CULTURAL HEGEMONY AND THE WATCH MARKET

The watch market has gone through a turbulent phase since the emergence of the quartz movement. At this point in its history it finds itself at a bit of a crossroads, with the Chinese market slowly becoming saturated and more traditional markets facing stagnation, investors are starting to ask themselves - where do we turn for growth?

A vintage Seiko QR Quartz 3863-7010 for sale on TVW.

A vintage Seiko QR Quartz 3863-7010 for sale on TVW.

Markets, as with industries, have cycles and patterns. Oftentimes the role of an investor is to try to discern said patterns or understand those cycles, in hopes of taking advantage of them. I’d like to think I’ve formed some kind of hypothesis that could help answer the question above, where should watch brands turn for growth? The basis of said hypothesis, aspects of the economics surrounding the watch industry, is something that's come up recently in discussion between myself and Ariel Adams, things he discusses often in his articles for aBlogtoWatch. The hypothesis is as follows: first, to understand the best markets to pursue for growth, one needs to understand the stages of development of luxury goods markets, and therefore at which stage the market in questions finds itself. Second, you need to understand the underlying fashion trends most likely to lead to a healthy luxury goods market. This often entails looking at the culturally hegemonic country of the day, the country that is the de facto taste maker and culture exporter in our globalized world, to understand how these trends affect the market in question. With these two tools in hand you can understand, at least theoretically, which market should be next up for growth; be it for luxury goods as a whole or just watches. Do note that although I may describe things as relevant to the luxury goods market overall, the premise is that they are also pertinent to the watch market.

The luxury goods market moves through certain phases, from the earliest stage of a luxury goods market’s development; one where consumers want to be associated with brands and status, to one where consumers want to be associated with taste or sophistication. The premise of this theory is that as economic growth is undertaken – even on an individual level – consumers value different things, or rather, individuals are regarded better or worse in society for their association to different brands/products. To break down the cycles of the luxury goods market we first need to define what we classify as the phases of growth of a luxury goods market. For simplicity, we’ll stick to three phases: the Brand Association phase, the Great Schism phase, and the Reconciliation and Consolidation phase.

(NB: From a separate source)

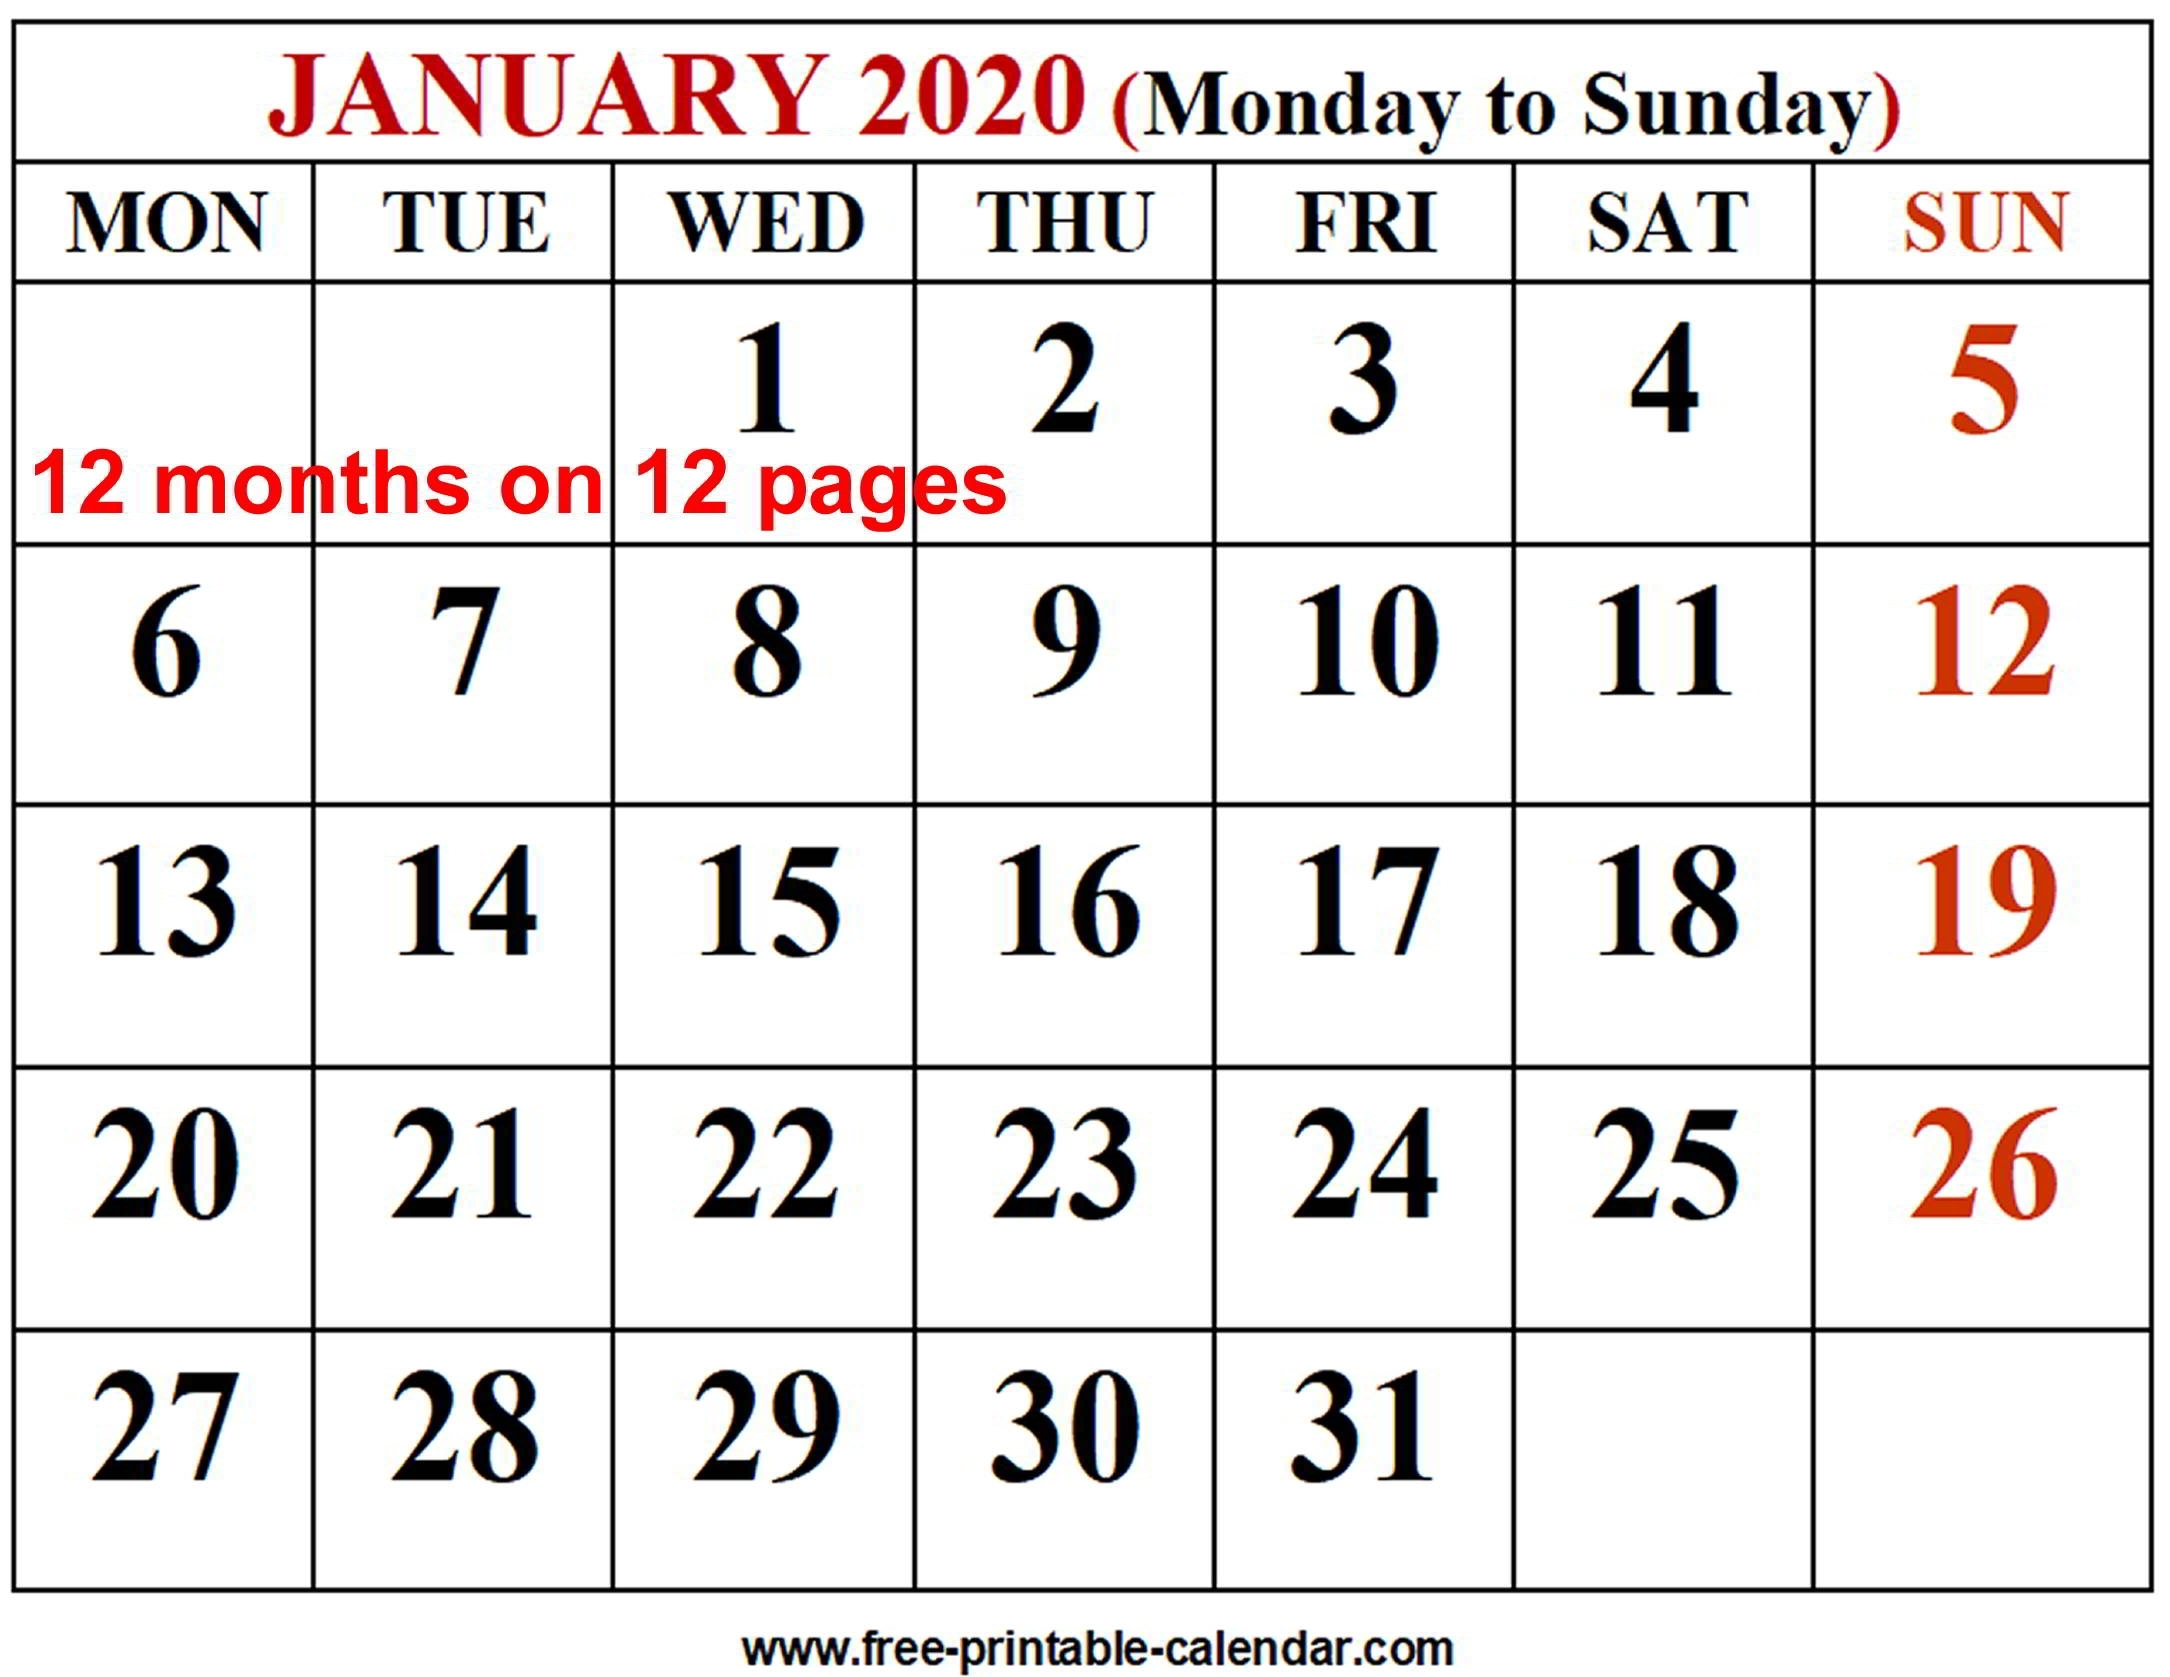 2020 Calendar Template - Free-Printable-Calendar inside Printable Calendar 2020 Monday To Sunday

Phase 1: Brand Association

The Brand Association phase describes a nascent period in the development of a luxury goods market, where consumers seek to associate themselves with certain brands that in their minds are identifiers for wealth. This is due to the structure of the society, that, as follows with economic development, sees: an upper class that is extremely small, no significant middle class, and widespread economic disparity. As such, only the minuscule upper class can afford said luxury goods and their value is perceived to be much greater to the wider society. The effect of this structure is that the average consumers will view a luxury item as an object that automatically qualifies an individual as wealthy, given that only a small percentage of the population can afford it. This disparity is what leads individuals to seek association with brands themselves, because it will indicate to others that they belong to a certain elite social group. For luxury goods brands, this is not a good prospect for growth because: only a negligible percentage of the population can afford your products and likely already purchases them when they travel abroad, only a few brands will be noteworthy enough in the minds of the general population to get a hold of the market and the general economic, and political instability that can be expected from underdeveloped countries is extremely unfavourable for luxury goods products as they have elastic demand. In addition, this economic and or societal structure usually leads to the growth of a market for counterfeit goods, as is the case in many Asian, African, and Latin American countries – doubly detrimental to luxury goods brands. Summarily, the market is simply not mature enough or lacks the ‘luxury goods culture’ to appreciate a wider variety of brands, products, and styles. A brand like Rolex may do well in Indonesia, but NOMOS not so much. In this phase, the culture towards luxury goods is completely based on recognition as opposed to being based on quality and craftsmanship, as is the case in more developed countries or luxury goods markets. So, while a select few brands may see opportunity, in general, the investment is not worth it.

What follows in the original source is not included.